Riley also didn’t like Trump’s demeanor. He “looked and sounded frighteningly unprepared.” He rolled his eyes, shifted his weight, and seemed impatient. He was rambling and incoherent.
“The one thing everybody already knows about Donald Trump is that he’s very rich, yet the candidate couldn’t stop reminding us of this fact throughout the evening and no matter the context. Asked about recent racial unrest following police shootings around the country, he began, ‘When I look at Charlotte, a city that I love, a city where I have investments . . . .'”
What about on-the-fence or undecided female and black voters?
“Mr. Trump did nothing Monday to help his standing with the women and minority voters who are likely to decide the election. When confronted with past sexist remarks, he remained silent or said the women ‘deserved’ it. Democrats deserve criticism for their treatment of black voters, but it’s hard to take it seriously coming from a man who seems to have discovered black America about 15 minutes ago. Someone on Team Trump ought to inform the candidate that the vast majority of black people in the U.S. are neither unemployed nor living in poverty.”
Do you agree with Riley’s assessment of Trump’s debate performance?
Photo credit: By Gage Skidmore from Peoria, AZ, United States of America – Donald Trump, CC BY-SA 2.0, Wikimedia Commons
how come more black republicans aren’t relaying this message to Trump? when asked at the debate about how to heal racial strife, he talks about law and order and making POTUS release his birth certificate.. talk about tone deaf.. i’m no HRC fan, but Trump will NEVER get my vote with his attitude..

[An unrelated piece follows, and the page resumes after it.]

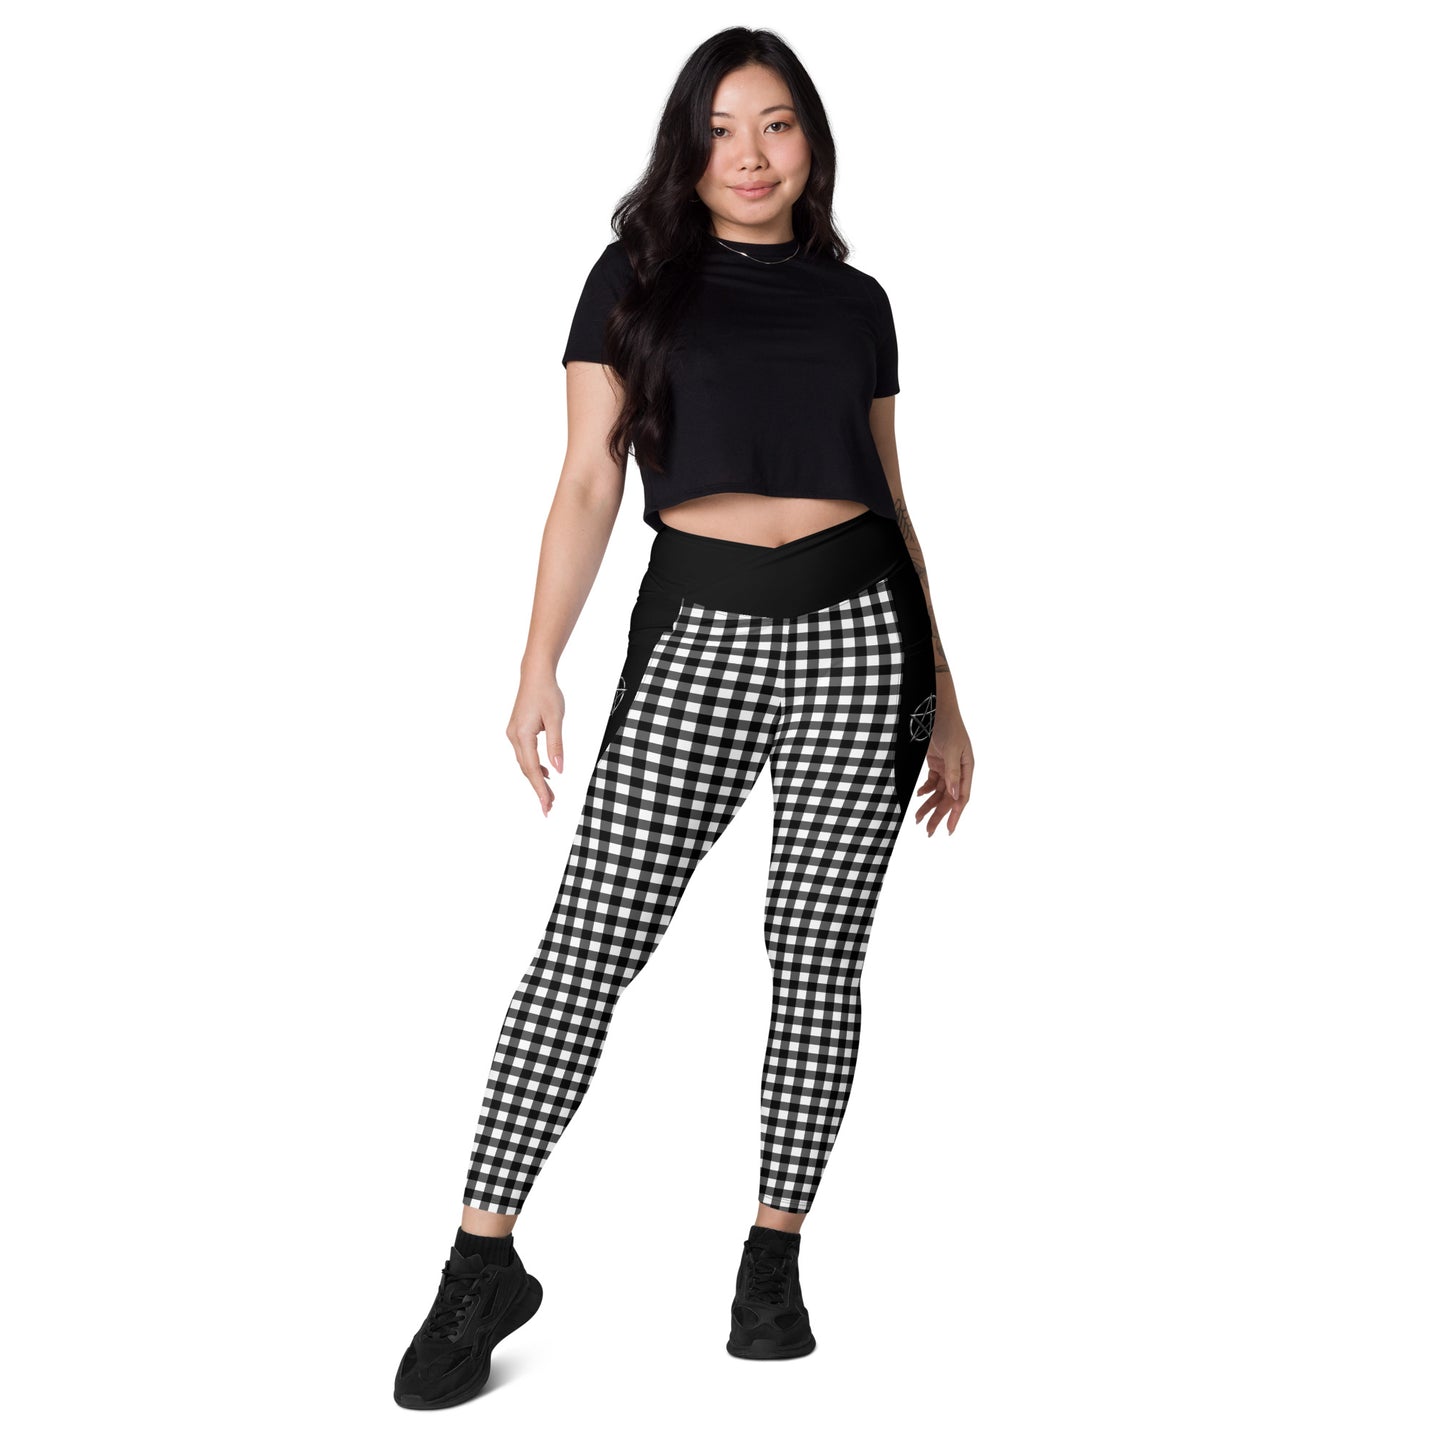 Crossover leggings with pockets Checkered Black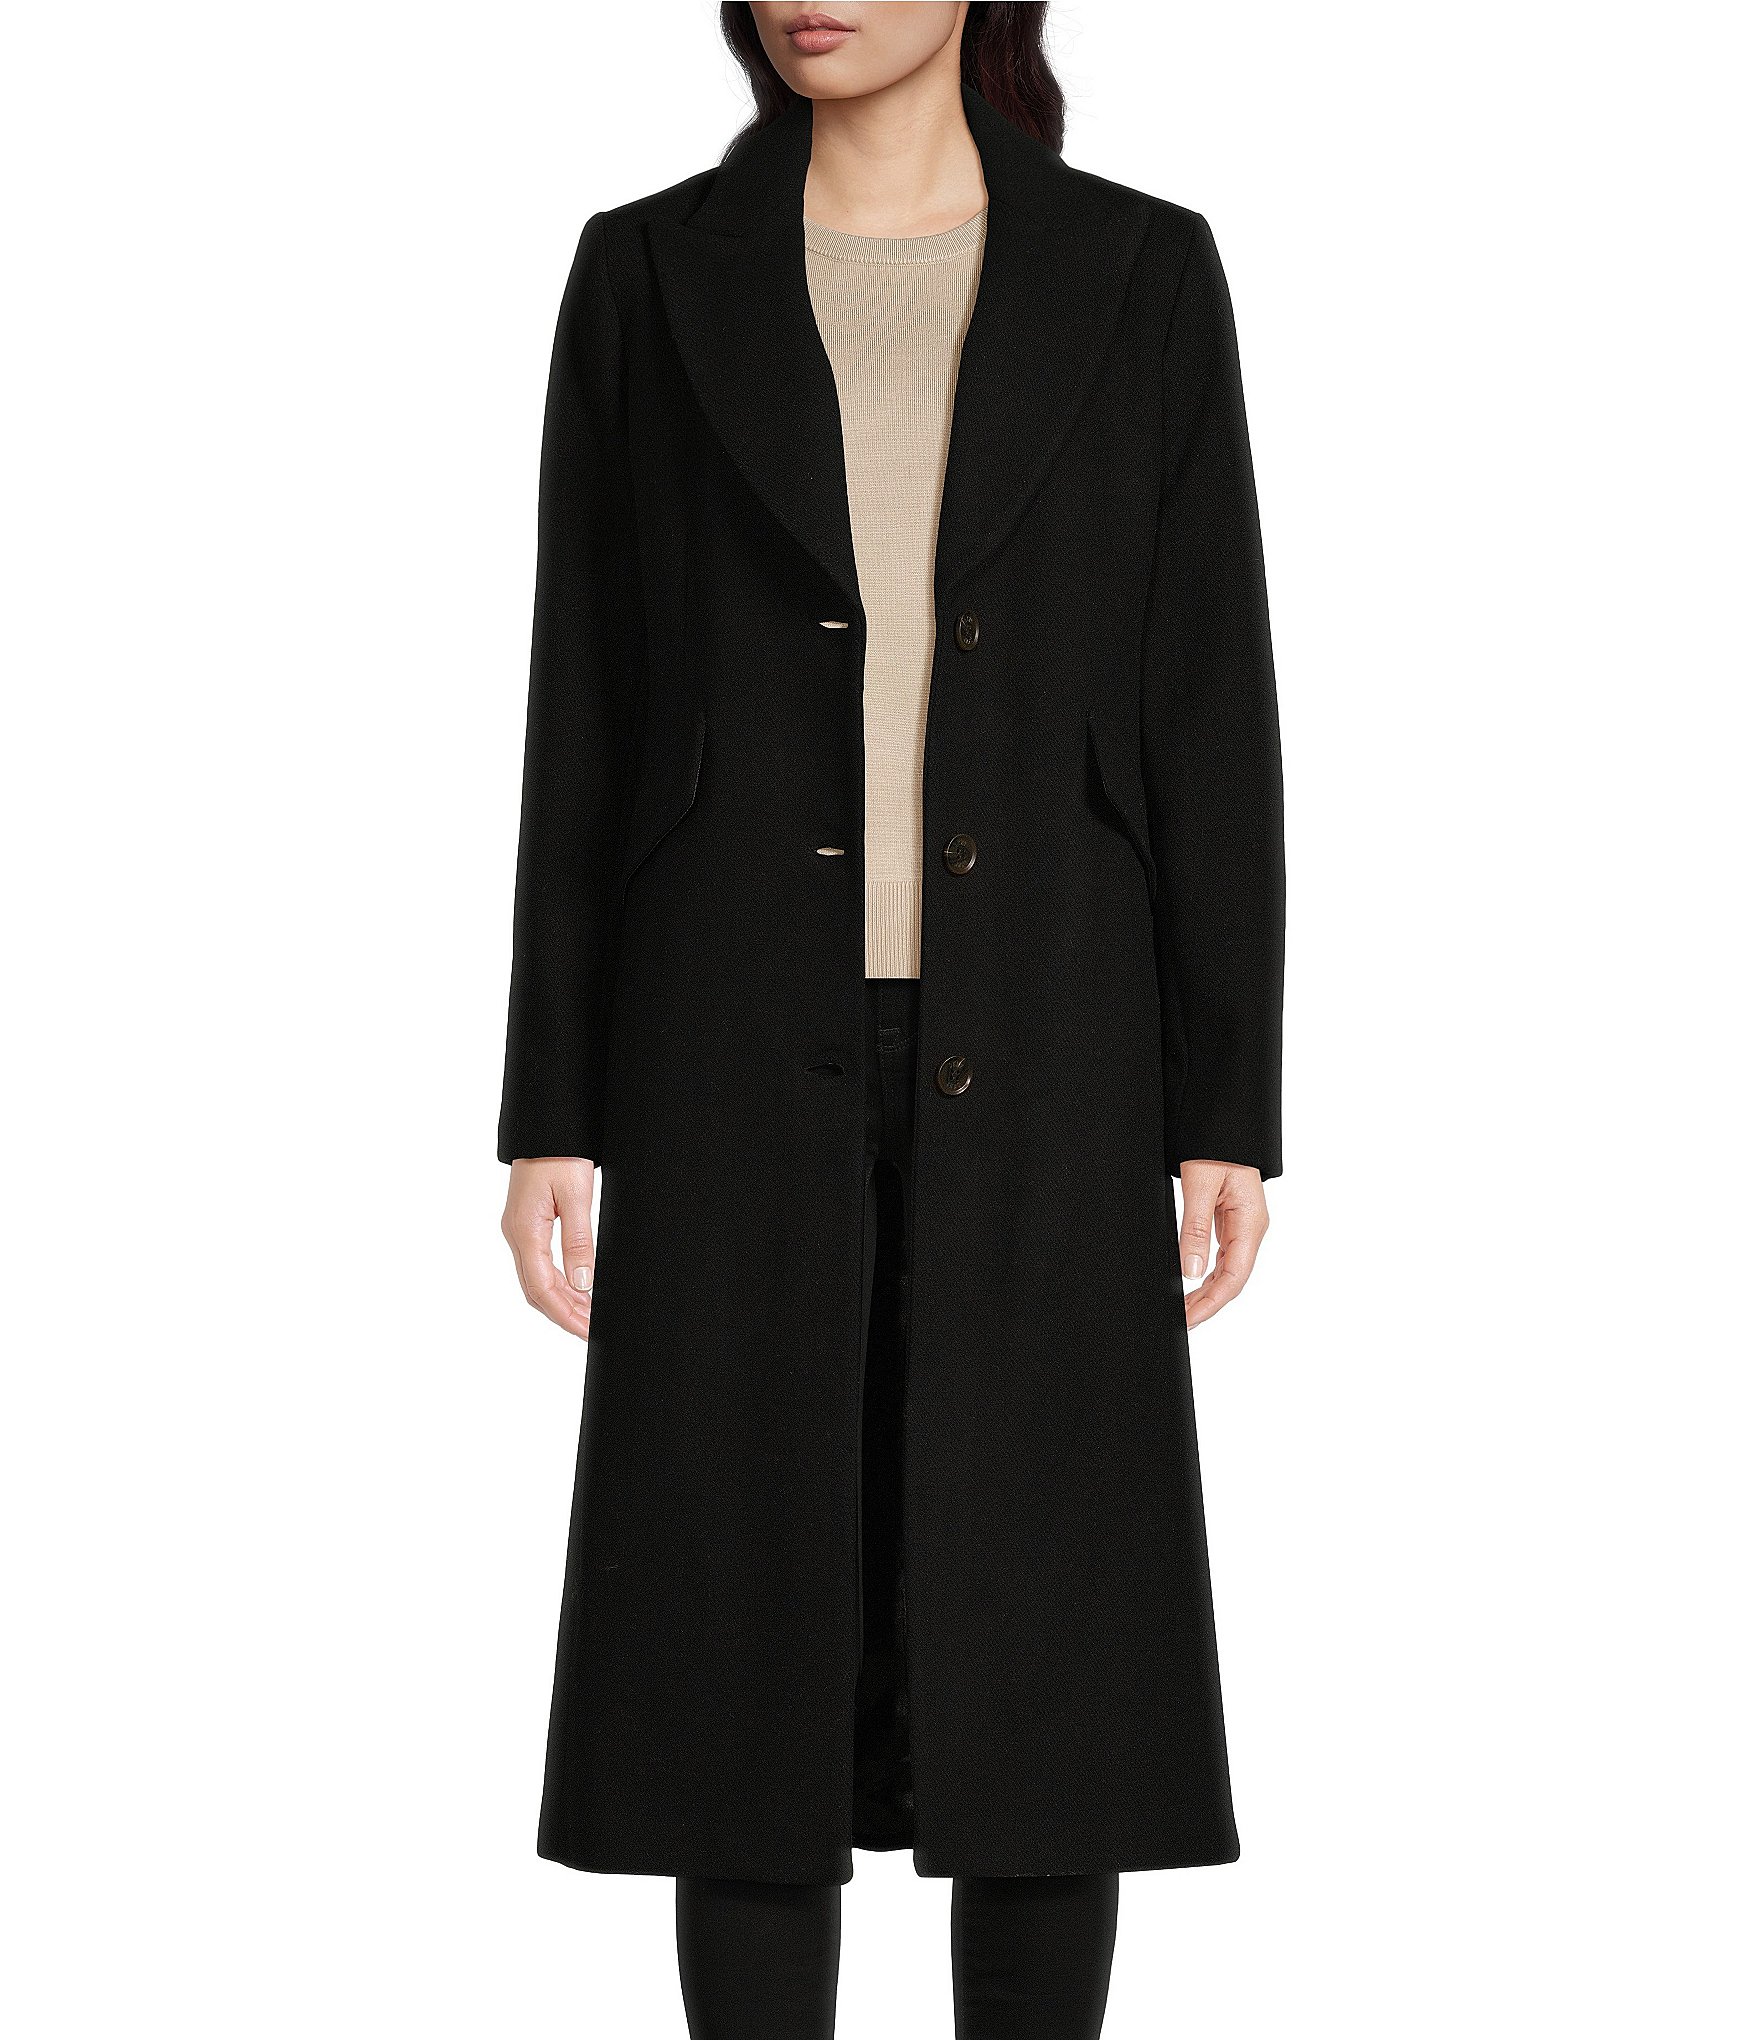 DKNY Single Breasted Notch Collar Wool Blend Button Front Coat | Dillard's

I’m an eighty-year-old refugee from Chicago, the president’s “home town,” sanctuary city, union city and Democratic bastion. Also home to some of the world’s best trauma surgeons who managed to save over 2,000 lives this year alone. I’m also old enough to remember a vibrant black community that I was probably safer in as a child than in my own. My family home was close to the area where MLK marched, and I lived there until my family was no longer safe in the middle of the shooting gallery that my neighborhood became in the turf wars between the black and Hispanic gangs that plagued the once quiet south side of the city.
I have not been a fan of Donald Trump, and yes, he speaks awkwardly, but I will vote for him because I believe he may grow into the job. We elected a virtual unknown the last time around whose only claim to fame was getting his rival’s records unsealed before sealing his own and the ability to read from a teleprompter. Chicago and its minority neighborhoods have benefited nothing from Mr. Obama’s presidency. The city may not benefit from a Trump presidency, either, and what you see is what you get but politically, he is an unknown quantity and may make a positive difference. Mrs. Clinton is anything but transparent, a known political quantity who will just drag this country down further.